La Pontificia Accademia per la Vita ha da ieri quarantacinque nuovi membri ordinari. La cosa straordinaria è che uno di questi, il professore Nigel Biggar, è abortista. Secondo quanto riporta il Catholic Heraldinsegna ad Oxford, dove è Regius Professor of Moral and Pastoral Theology. In dialogo con il filosofo Peter Singer, nel 2011, secondo quanto ha scritto la rivista Standpoint, Biggar ha detto: “Sarei propenso a tracciare una linea per l’aborto a diciotto settimane dopo il concepimento, che è più o meno il primo periodo in cui c’è qualche evidenza di attività cerebrale, e quindi di coscienza. In termini di mantenere un forte impegno sociale a conservare la vita umana in forme limitate, e in termini di non diventare troppo casual per ciò che riguarda la vita umana, abbiamo bisogno di tracciare una linea in maniera molto conservative”.

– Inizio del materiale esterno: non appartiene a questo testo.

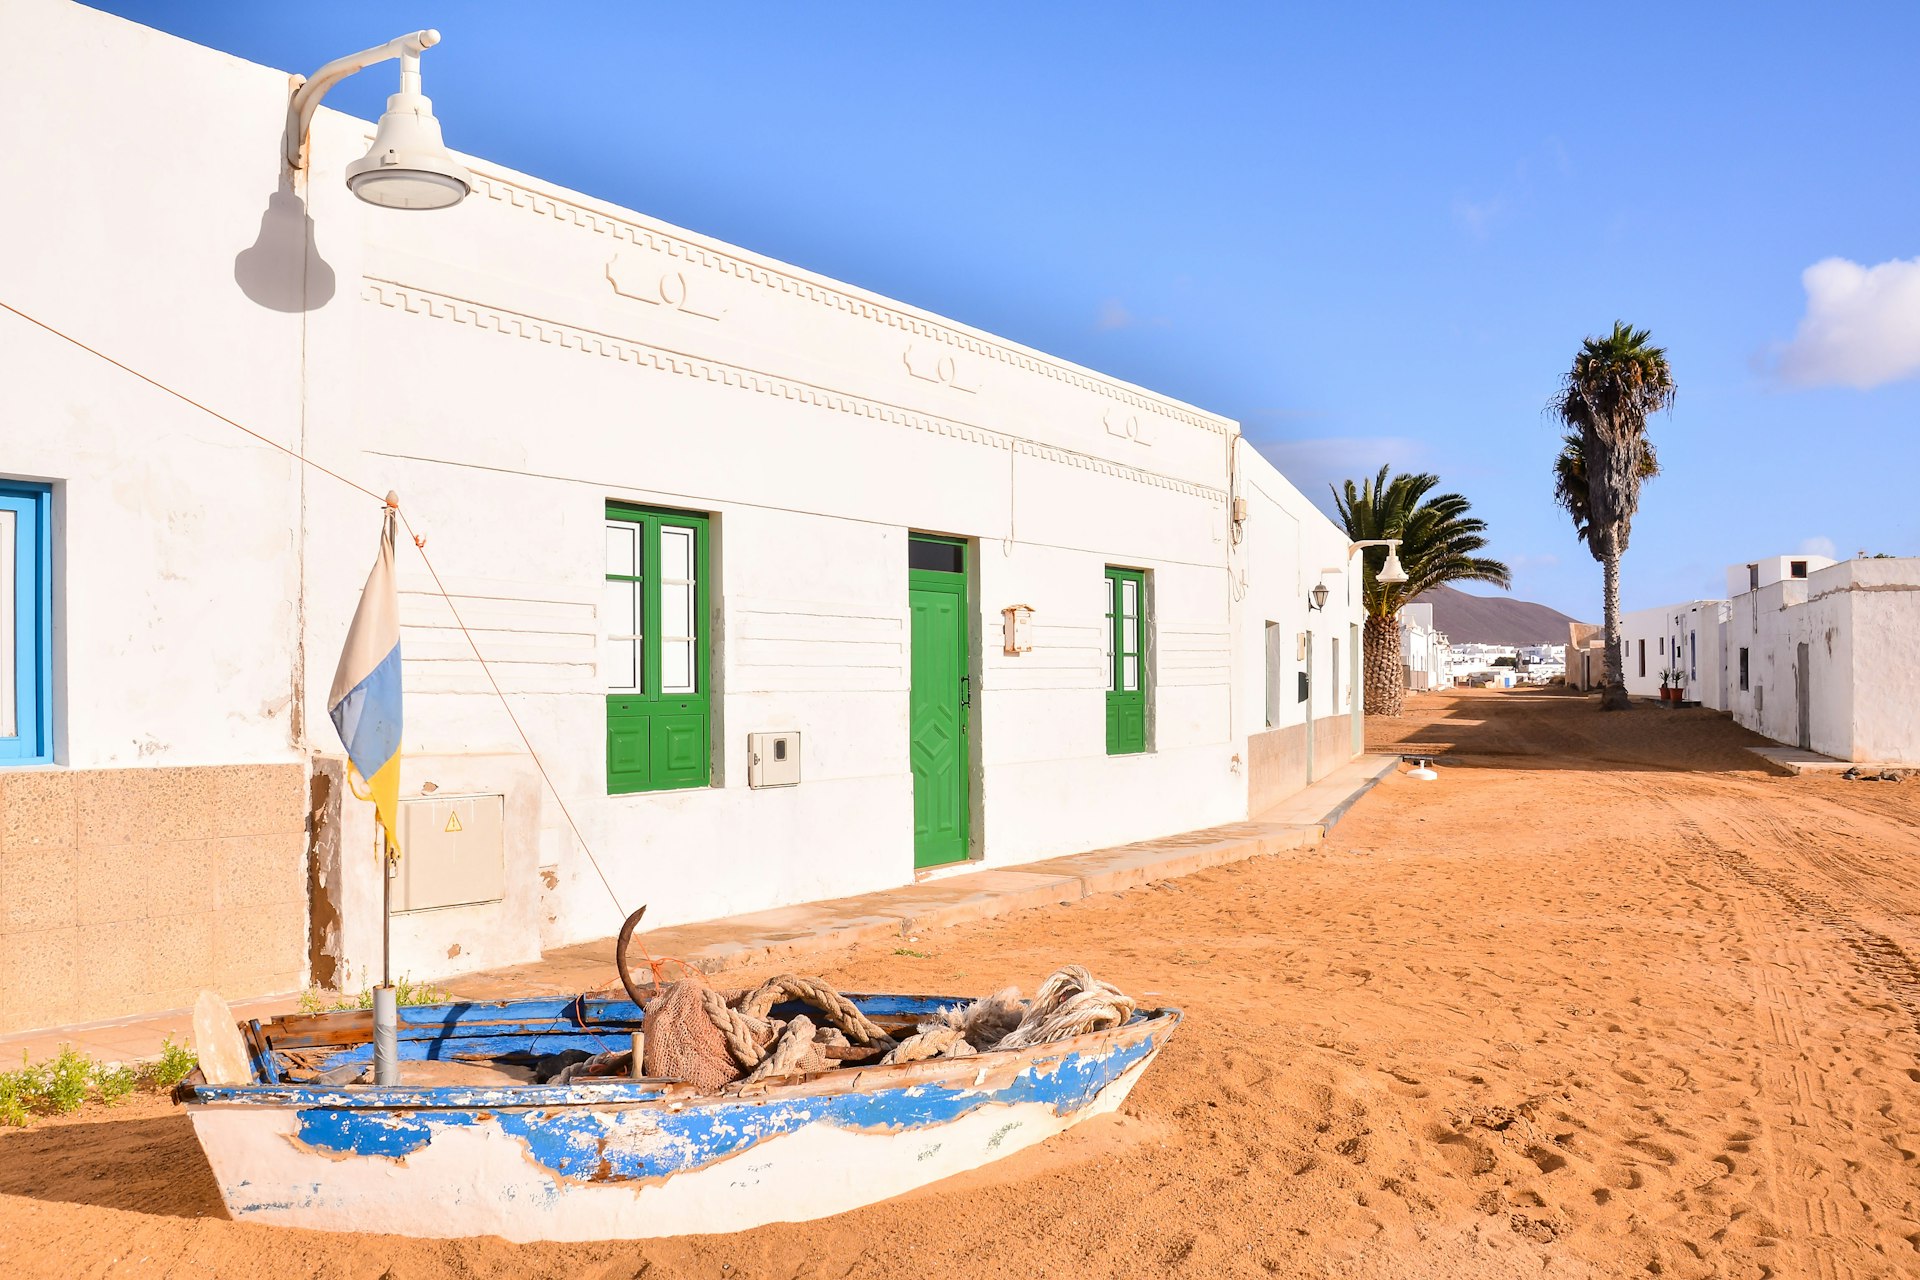 White buildings with sandy streets on the island of La Graciosa
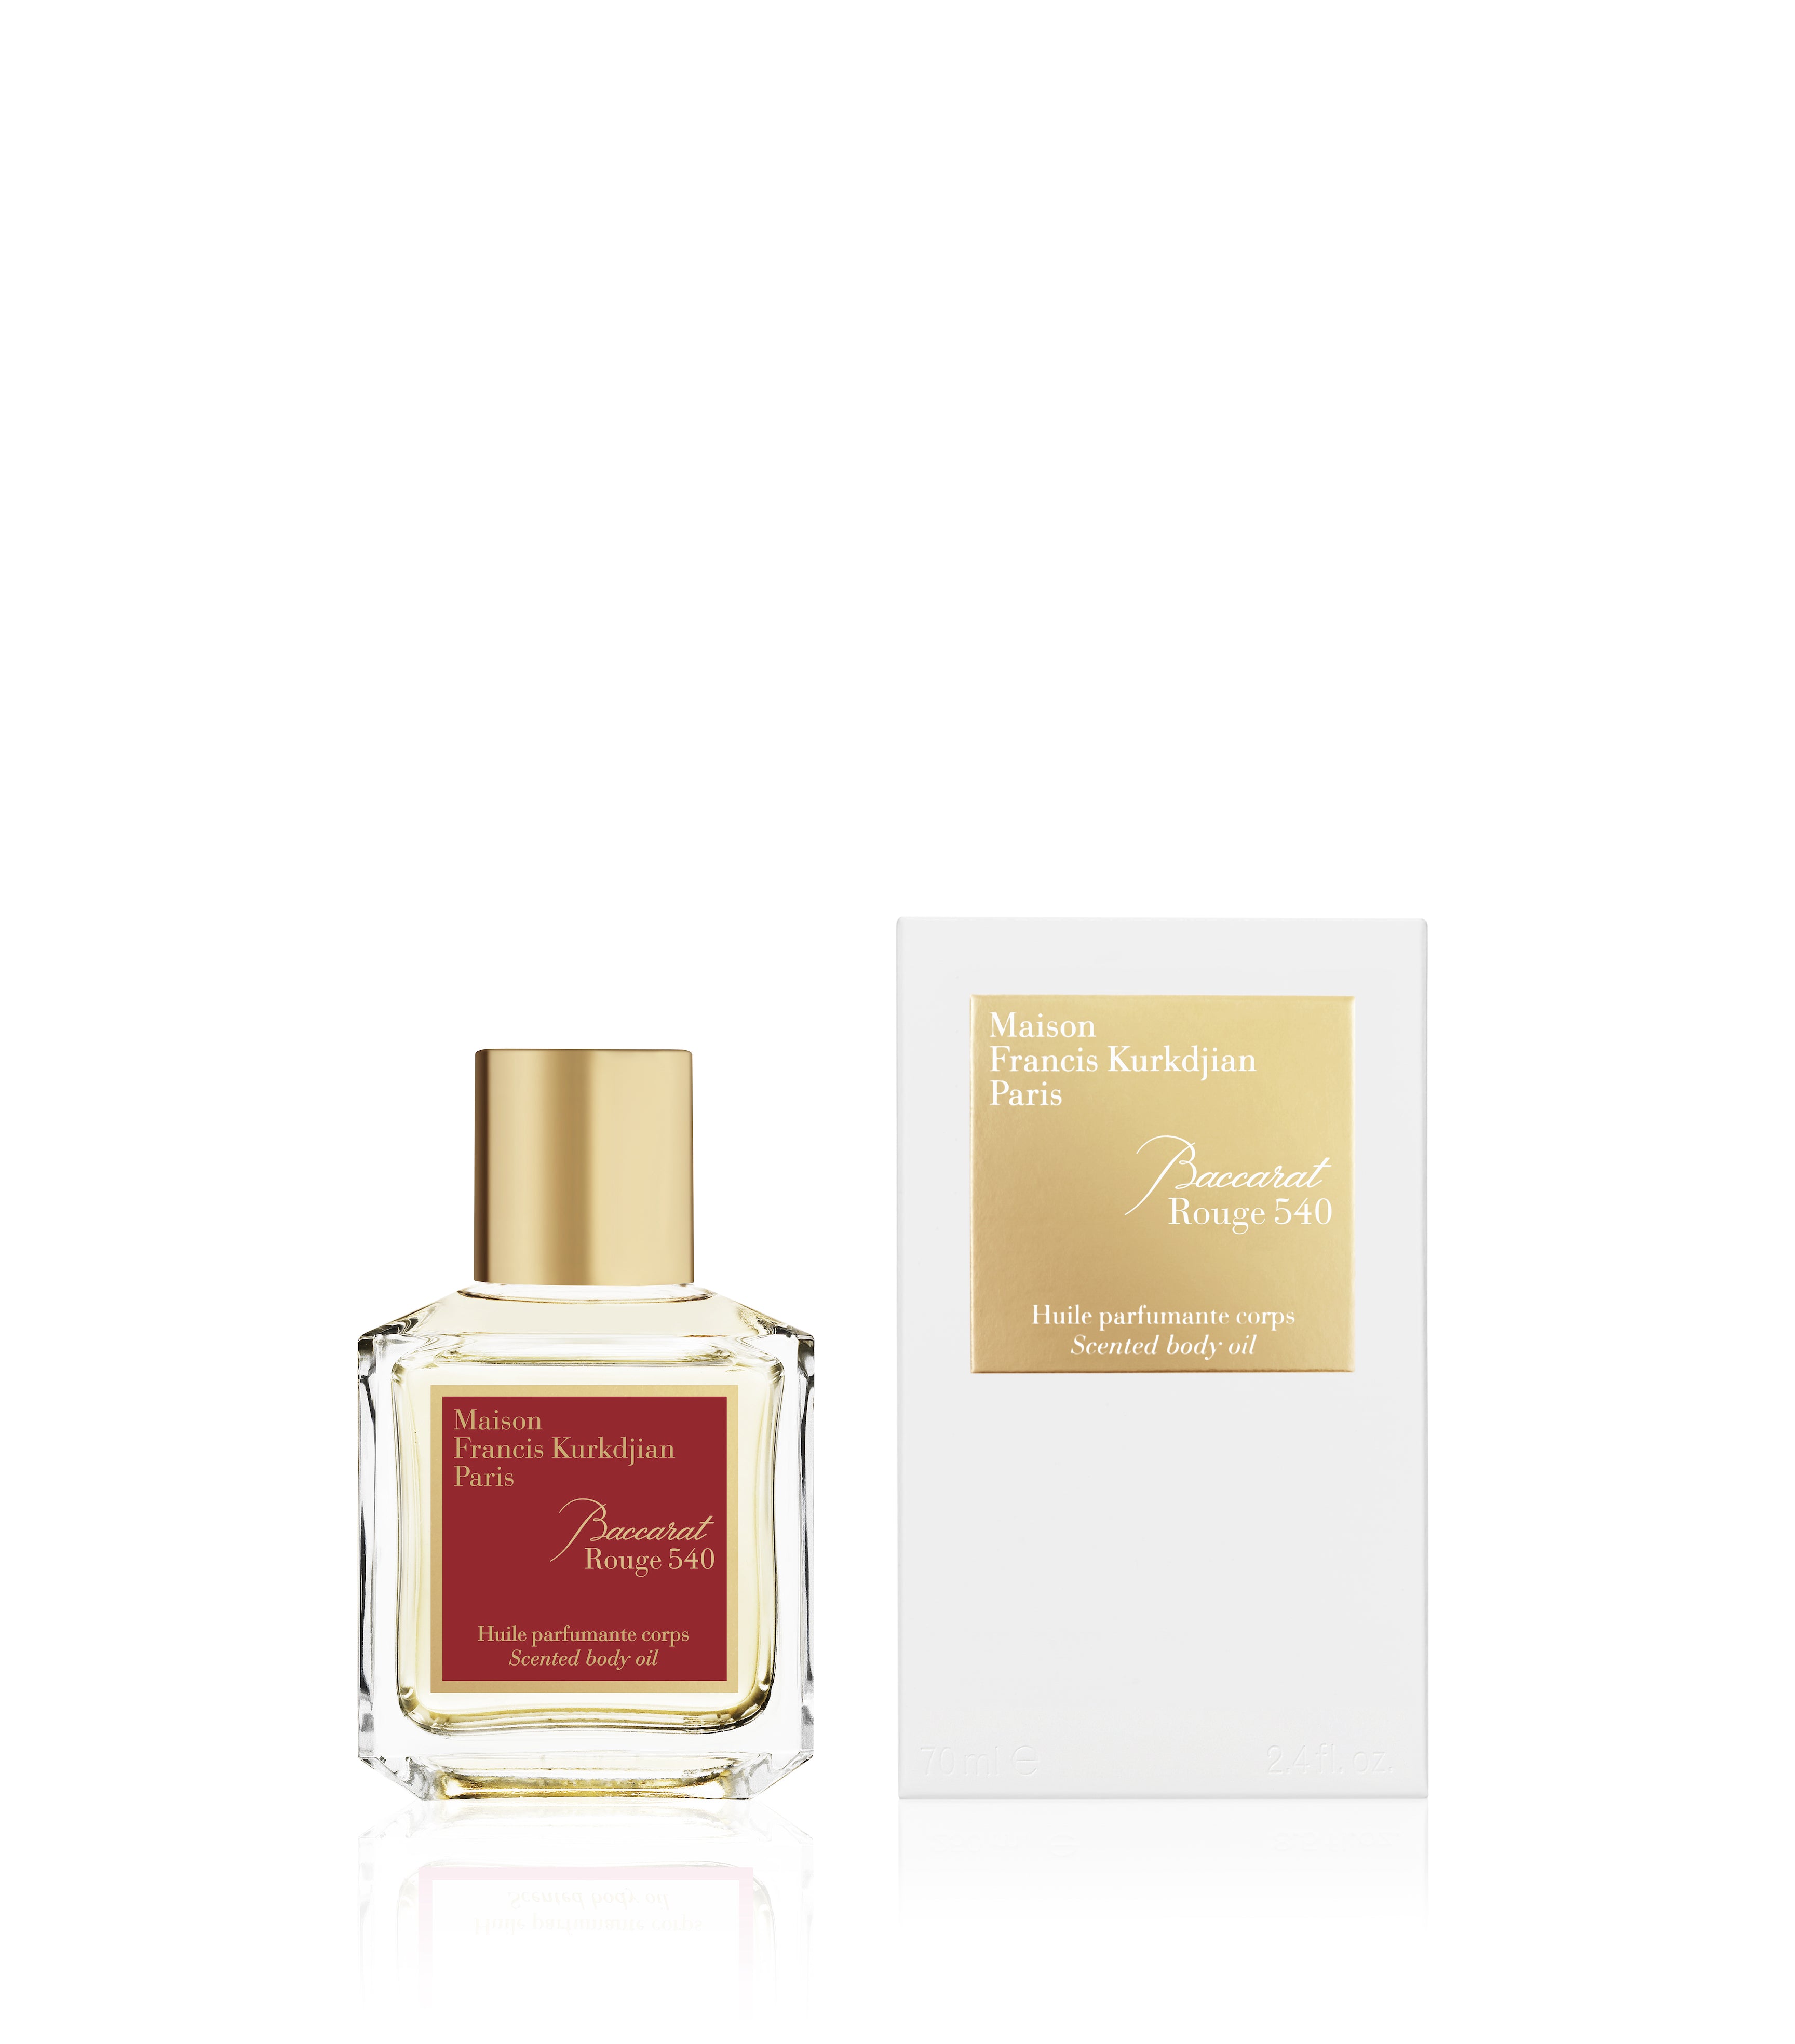 Baccarat Rouge 540 scented body oil

Per giustificare quella che comunque sembra una palese contraddizione, fra difendere la vita umana, e decidere di eliminarla, Biggar ha detto: “Non è chiaro che un feto umano sia dello stesso tipo di cosa come un adulto o un essere umano maturo, e quindi meriti lo stesso trattamento. Allora diventa un problema di dove tracciare la linea, e non c’è nessuna ragione assolutamente cogente di tracciarla in un posto piuttosto che in un altro”.

Personalmente trovo che per essere qualcuno che insegna ad Oxford questa dichiarazione non sia uno sfoggio eccezionale né di semplice logica, né di scienza. Ma ciascuno è libero di non essere consequenziale in quello che dice e fa.

Non si capisce però che cosa ci faccia nella Pontificia Accademia per la Vita una persona che propone l’aborto alla diciottesima settimana, che corrisponde al quinto mese; potete trovare alcuni dettagli sulla situazione dell’essere umano al quinto mese su questo sito, che non è un sito pro-life, ma uno dei soliti di informazione generale frequentato da chi sta per avere un bambino.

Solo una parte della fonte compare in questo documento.